START Stored data

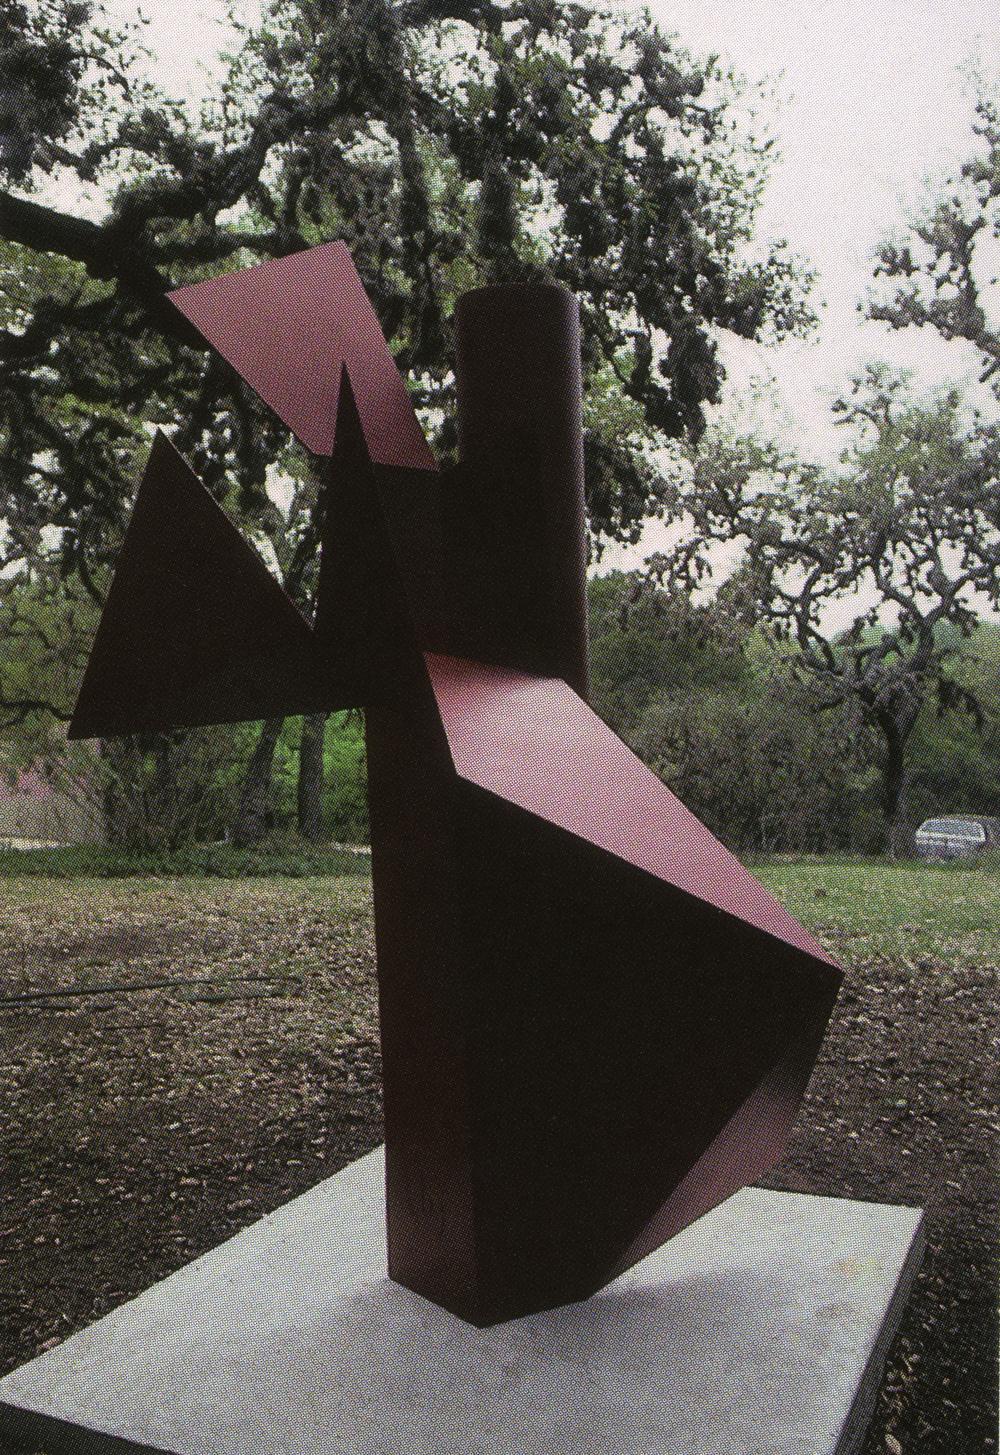 Austin Art Museum, Austin, Texas; 1996.  Atlas III.  7' x 4' x 5'.
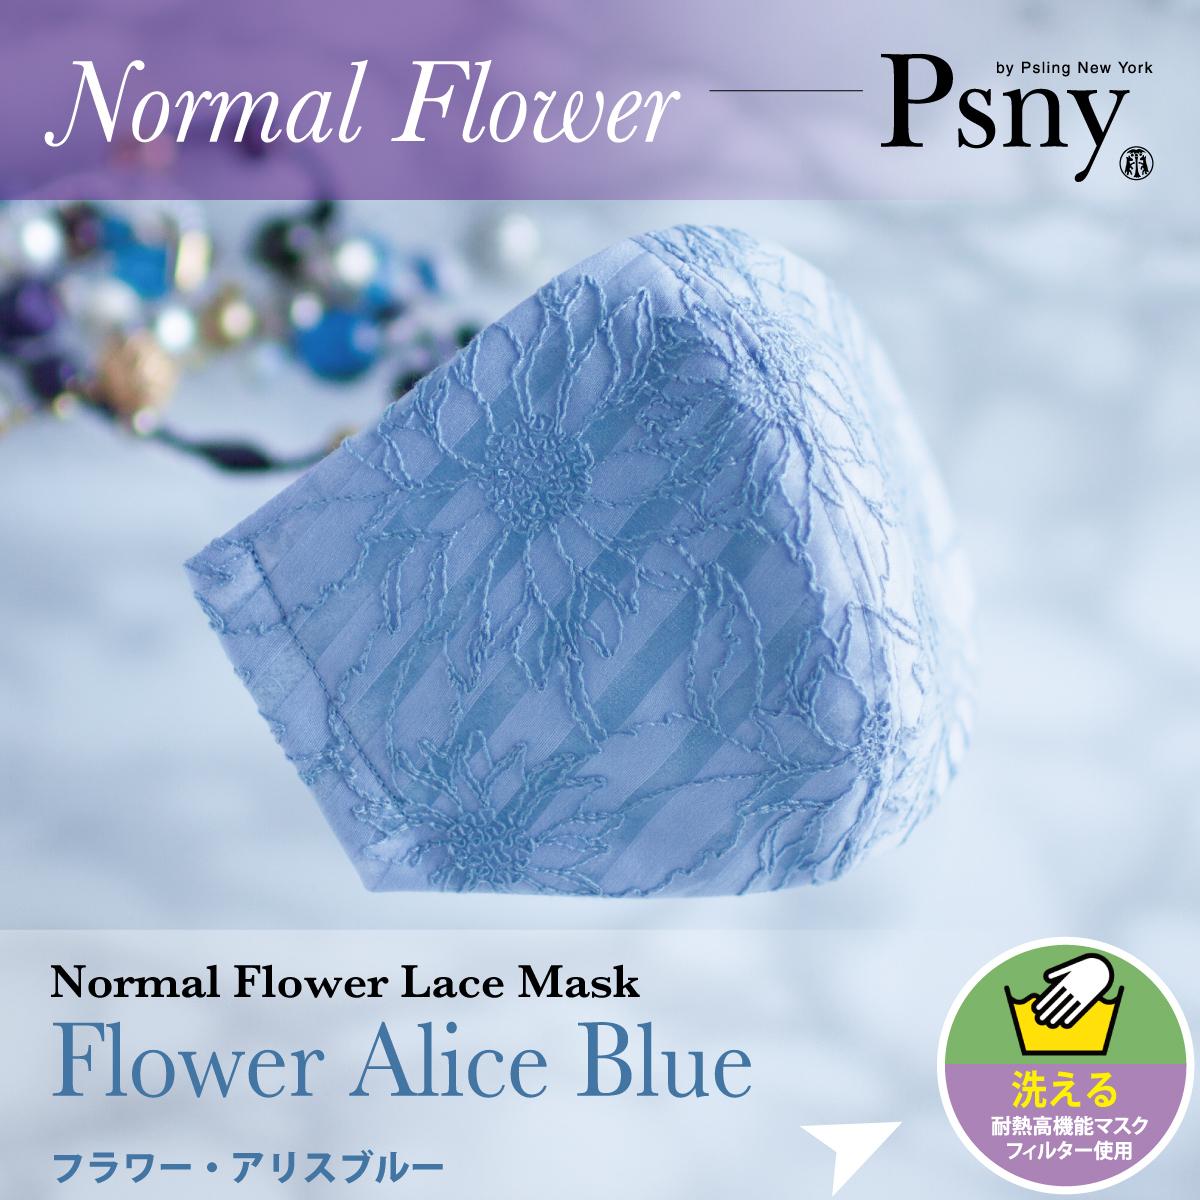 PSNY レース・フラワー・アリスブルー 花粉 黄砂 フィルター入り 立体 マスク 大人用 ブルー レースマスク
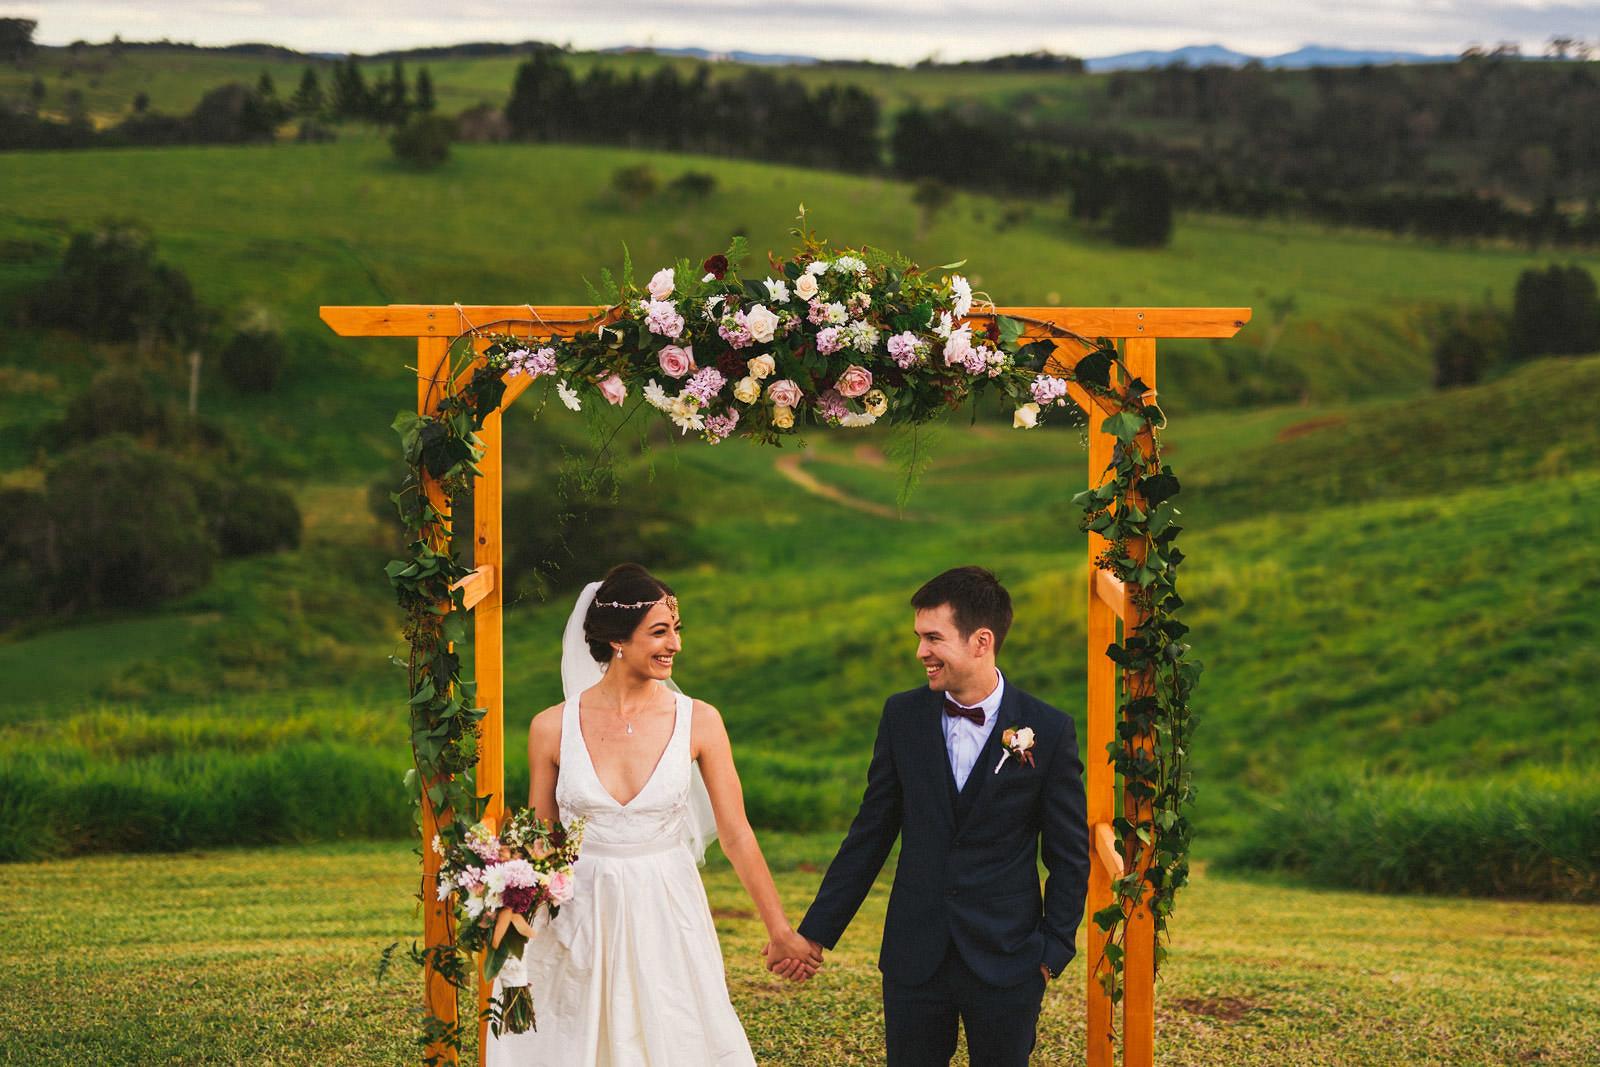 tablelands_wedding_0026
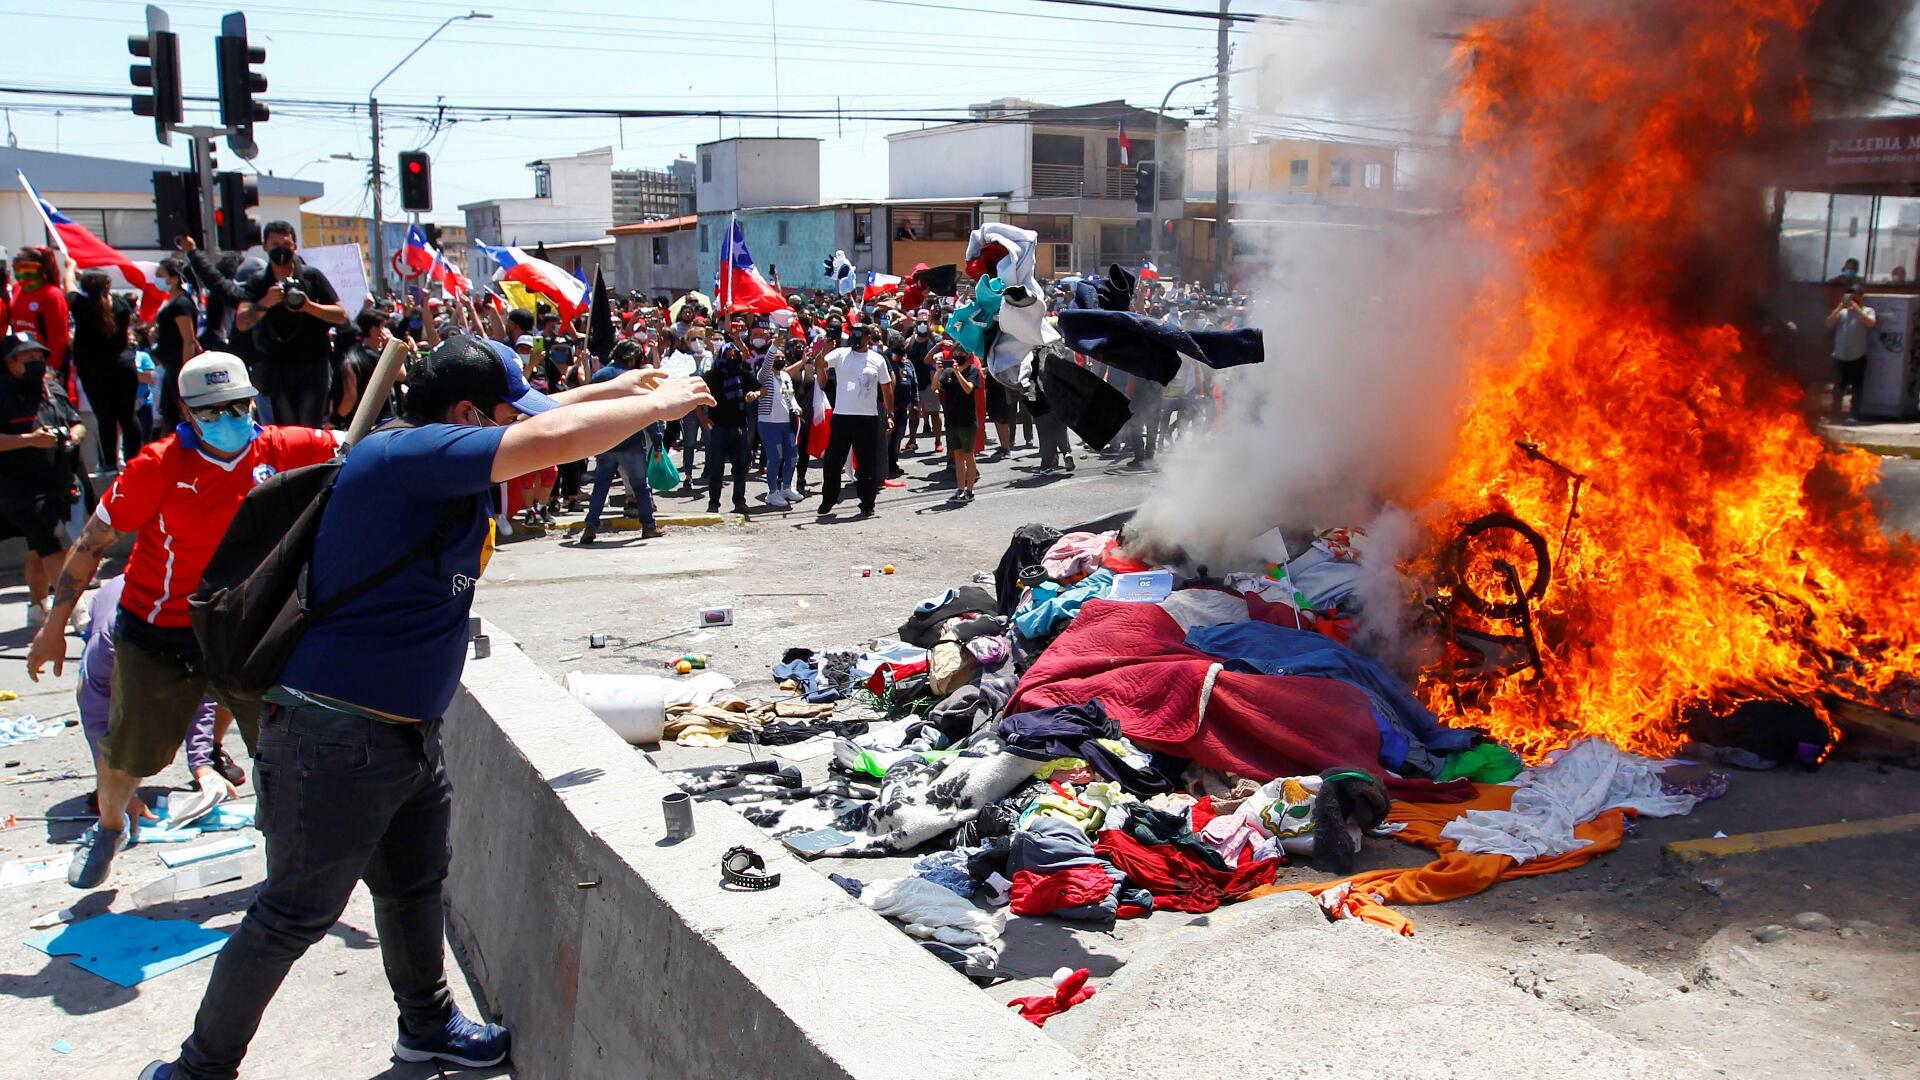 Chili-manifestation-anti-migrants-26-sep-2021

END Stored data

Problem to solve: From the first line to the last, write out the data exactly, omitting any pictures.

Output for this exercise:
 Austin Art Museum, Austin, Texas; 1996.  Atlas III.  7' x 4' x 5'.
 PSNY レース・フラワー・アリスブルー 花粉 黄砂 フィルター入り 立体 マスク 大人用 ブルー レースマスク
 tablelands_wedding_0026
 Chili-manifestation-anti-migrants-26-sep-2021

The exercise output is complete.